■ EXERCISE:
Would you reproduce exactly, and only, the lines starting at the one with "Gfhw13105 Brand Wiring" and ending at the last line of the data, with both included? Leave the pictures out.

■ SOURCE DATA:
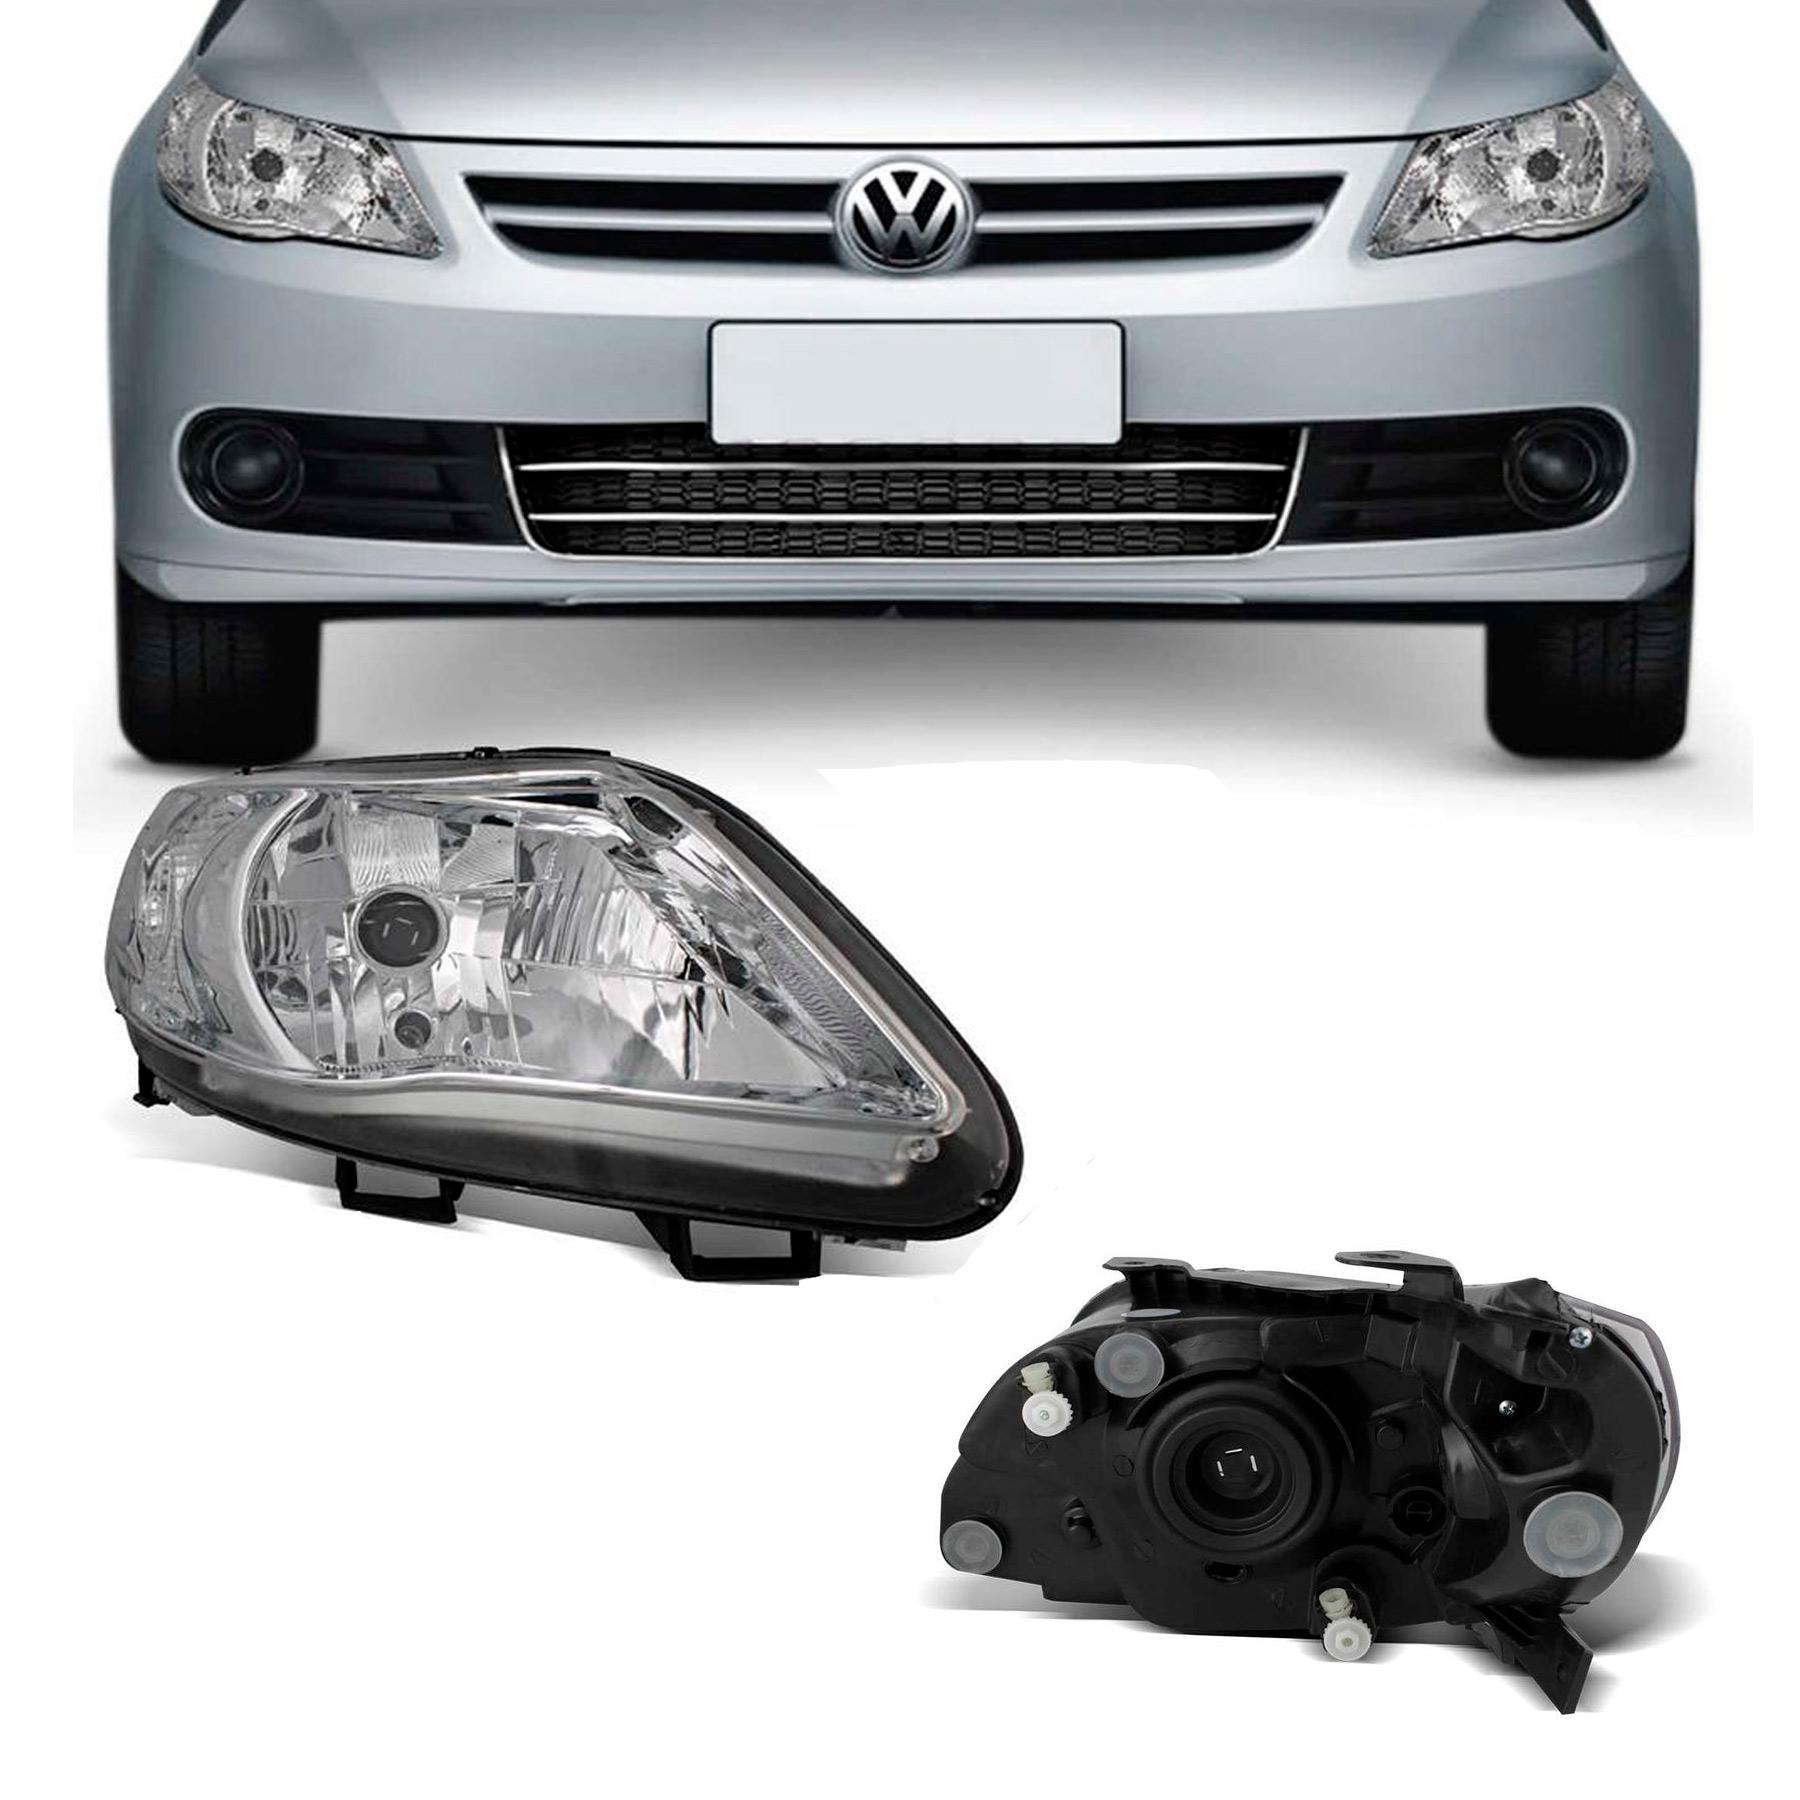 Farol Direito Volkswagen Gol Voyage G5 2009 a 2012 Saveiro G5 2009 a 2013 Foco Simples
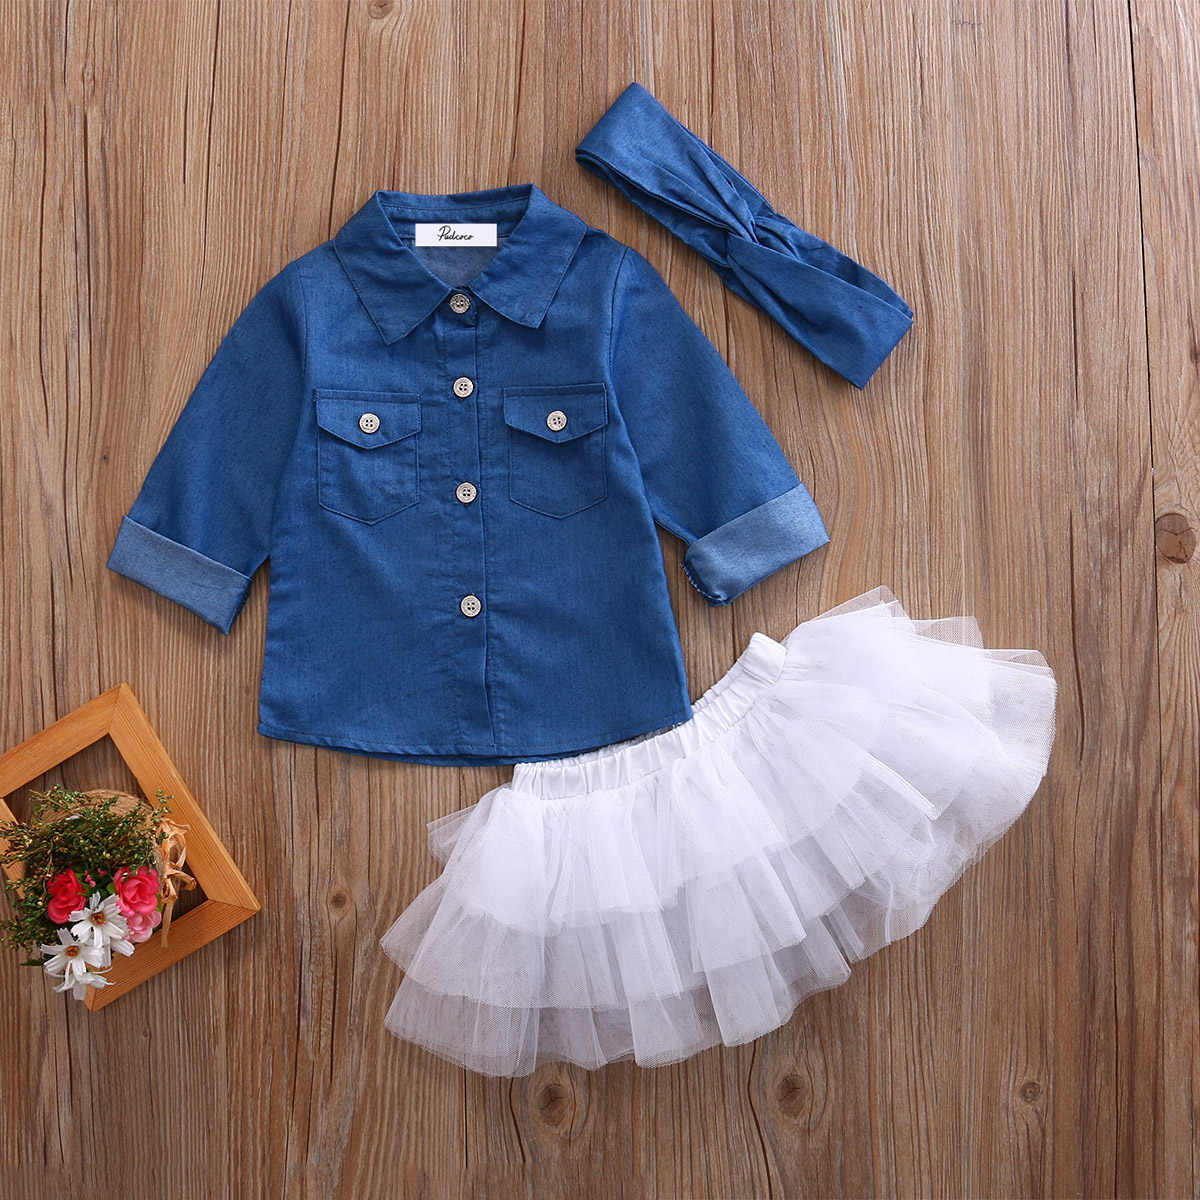 39e00f33c73 Kids Baby Girls Denim Tops T shirt+White Tutu Skirts+Headband 3pcs Outfits  Clothes
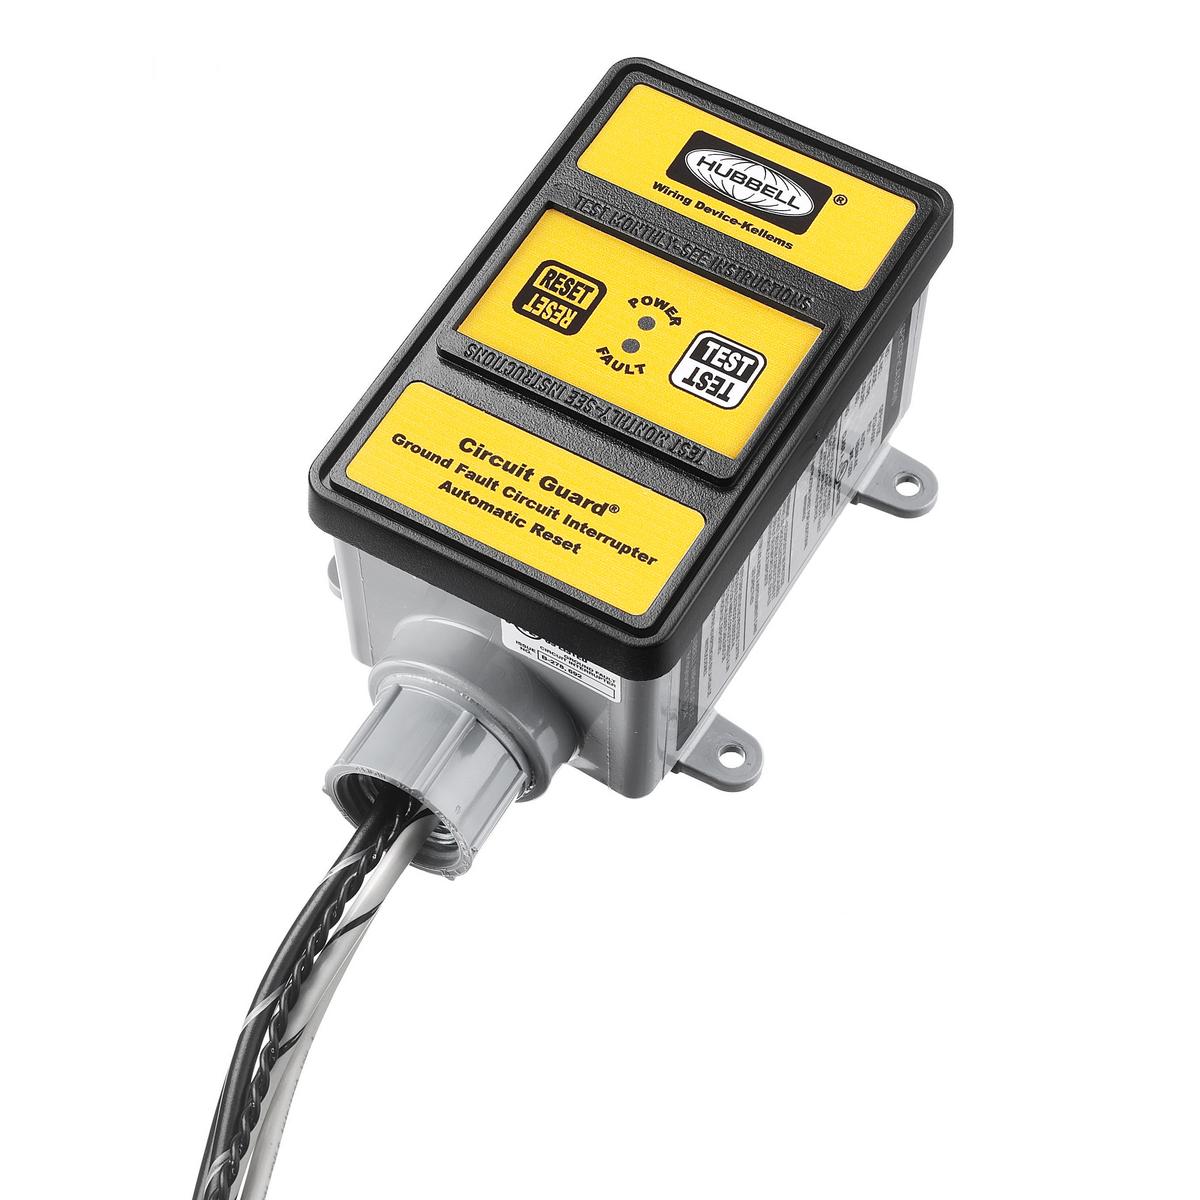 Gfhw13105 Brand Wiring Device Kellems Marine 120vac Wbp Prodimage
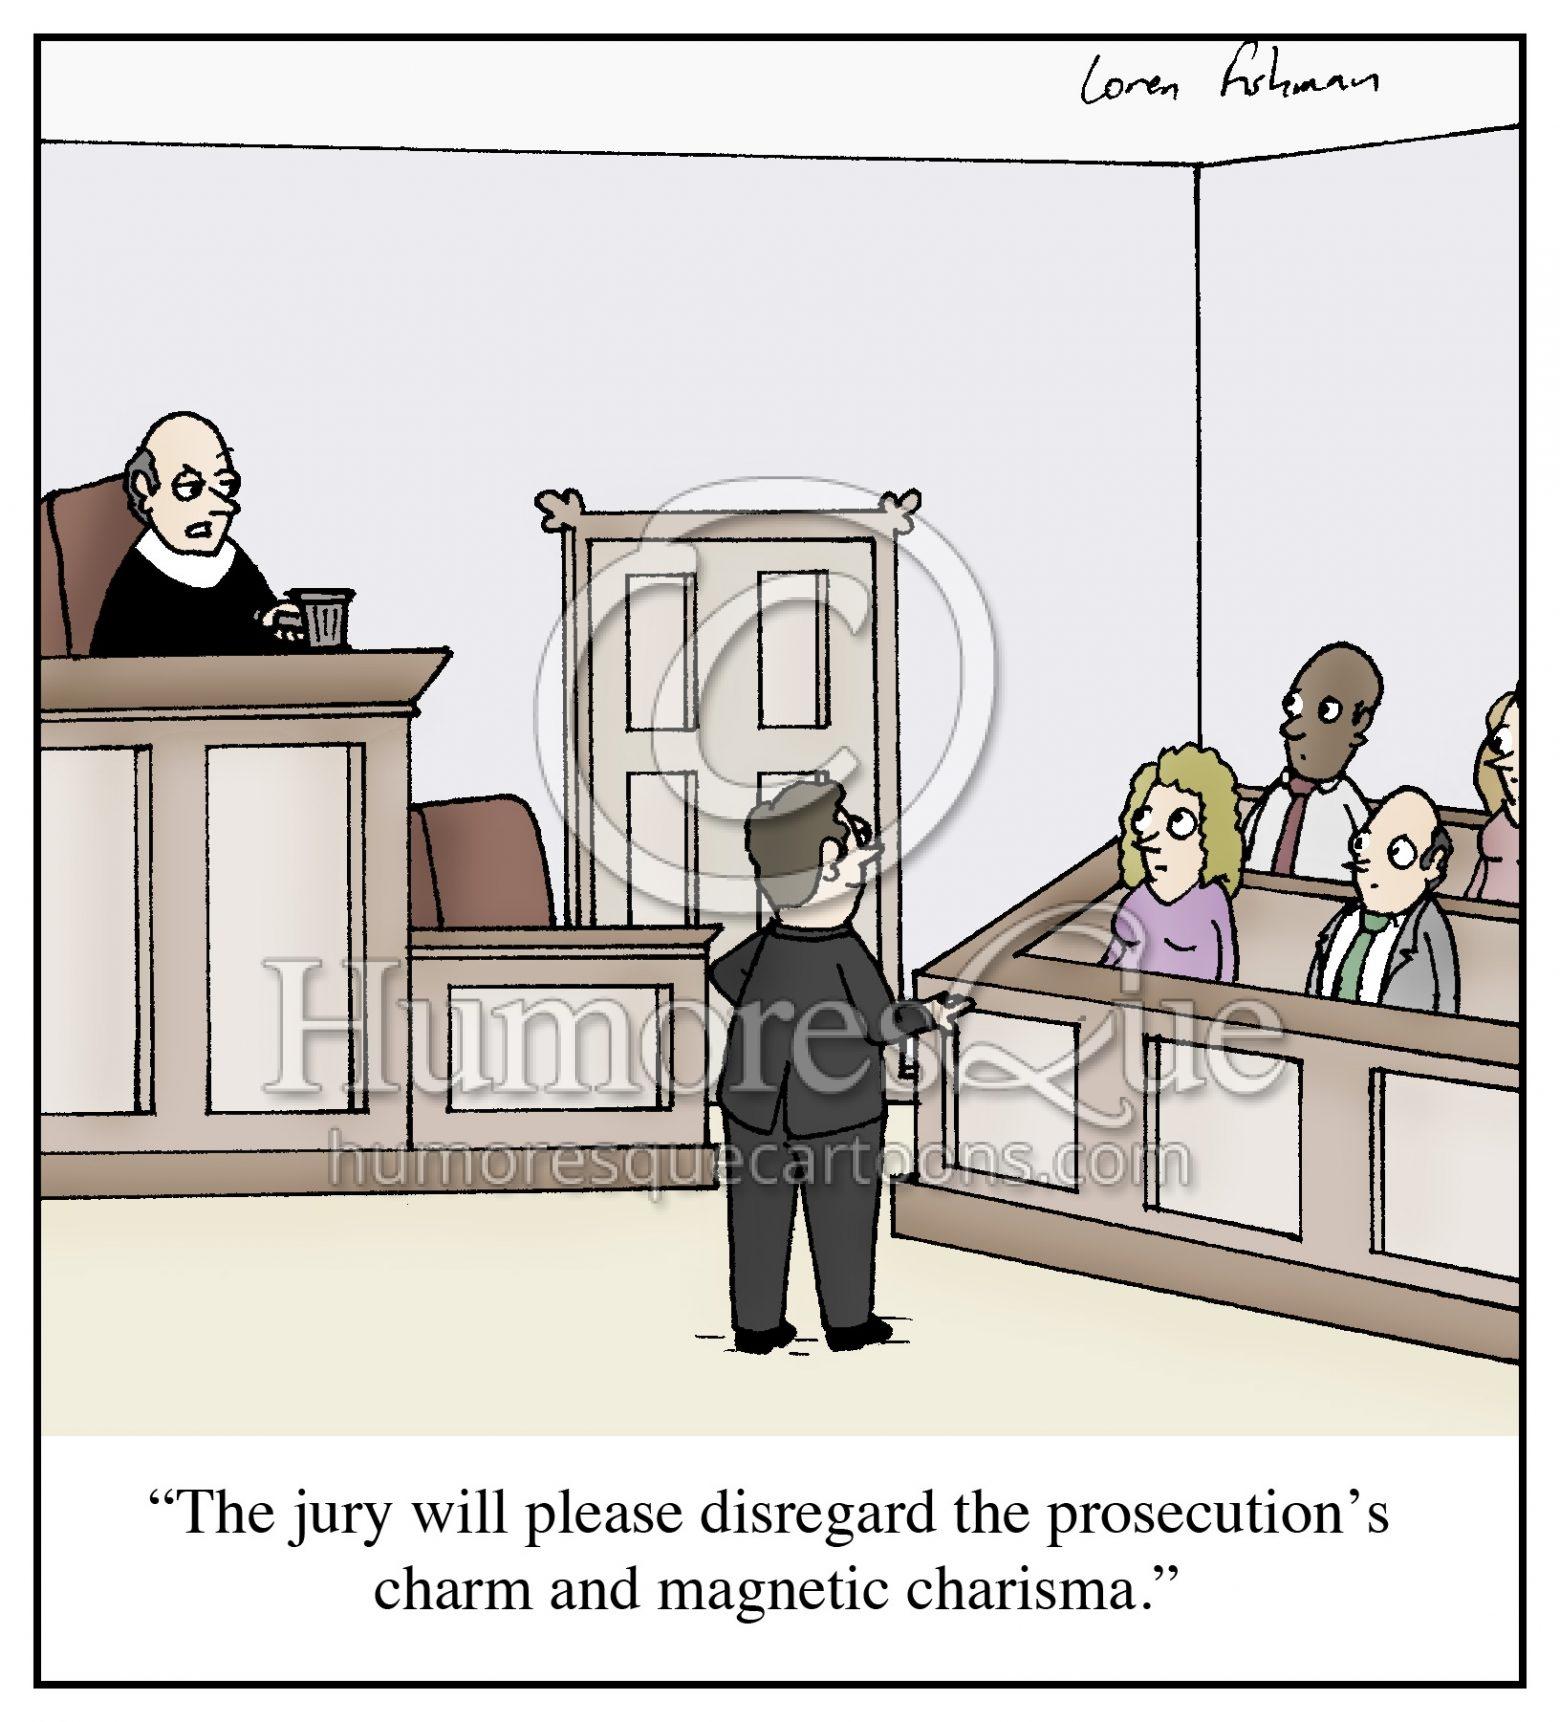 Lawyer prosecution courtroom trial cartoon

■ EXERCISE RESPONSE:
 Gfhw13105 Brand Wiring Device Kellems Marine 120vac Wbp Prodimage
 Lawyer prosecution courtroom trial cartoon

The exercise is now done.